И вернулась к самому дорогому, о чем они шептались.

— Интересно, да? Настоящий роман про любовь. Здорово?

— Страсть как здорово, — согласился Шурка. — Только Зобар больно горд. Ух ты!.. А Радда еще почище… Оттого и убил ее Лойко. И его самого зарезали.

Катька кивнула и живо прибавила:

— А мы с тобой… не гордые. Правда? Промежду собой. Да?

И залилась румянцем, даже маленькие ушки покраснели. Ах, как бы в пунцовые эти раковинки да продеть золотые сережки полумесяцем! Растрепа была бы как картинка. Не хуже Радды.

— Ты меня не зарежешь? — спросила цыганка Катька, смеясь одними зелеными глазами.

— Обязательно зарежу, — сказал зловеще Шурка. — И всю кровь выпущу!
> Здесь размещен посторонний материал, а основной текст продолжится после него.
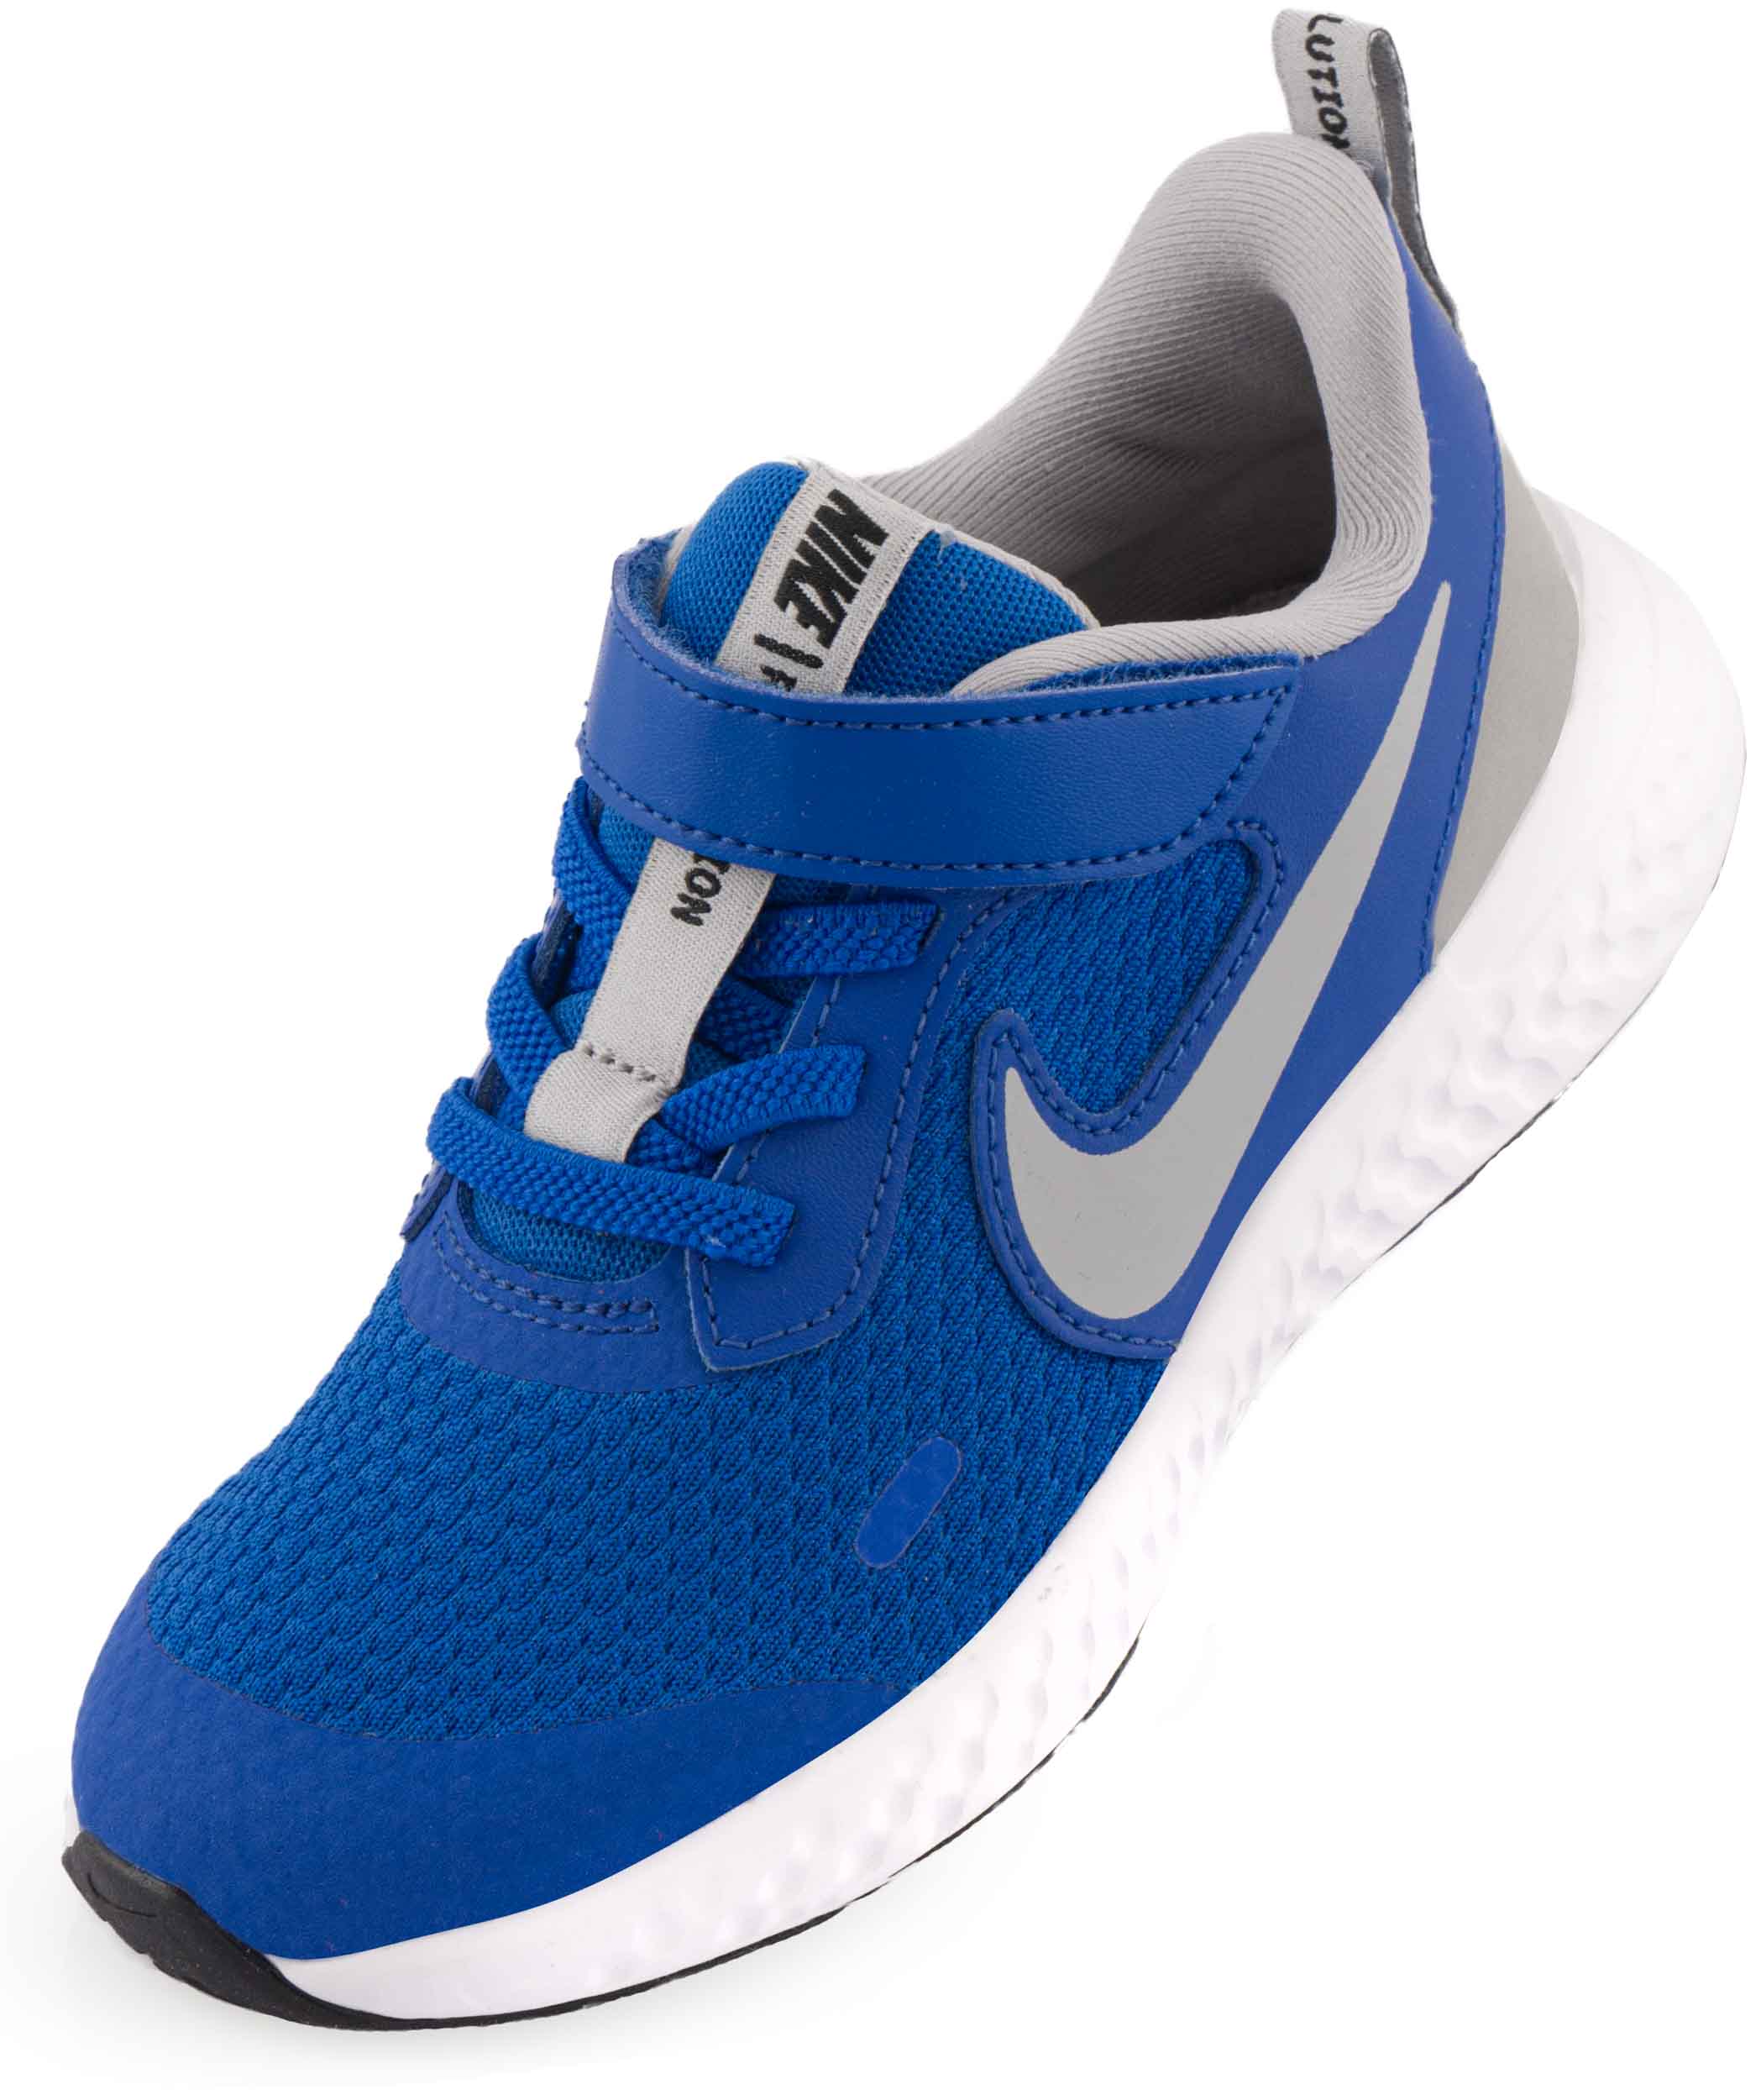 Dětská obuv Nike Jr Revolution 5 Royal Blue/Grey/White|28

Его обуревало нестерпимое желание дернуть Растрепу за рыжую косичку. Без платка нынче Катька, перестала девкой притворяться, прически наводить — бантик в косе дрегается. Хватить — и поминай как его звали, — очутится бантик у Шурки в кармане. Ему бы ответили приятным щипком, а то и горячей, милой оплеухой, принялись отнимать голубую ленточку, а он не отдавать…

Повозиться, понаслаждаться не пришлось. Петух потребовал тишины. За белым столом приподнялся ненавистный инспектор. Он не снял учительскую, с кокардой, фуражку, только сдвинул пальцем чуть выше на лоб дурацкий козырек, и ребята увидели его строгие, водянистые глаза. И то, что он остался за столом неуважительно в фуражке, хотя все депутаты давно сидели без шапок и картузов и теплый полдневый ветерок гулял по их разномастным лохмам, вороша их и приглаживая, и почему-то особенно то, что инспектор глядел на народ бесцветно строгими, прямо враждебными и одновременно скучными глазами, обидела ребят. А поделать ничего нельзя — сиди и хлопай ушами.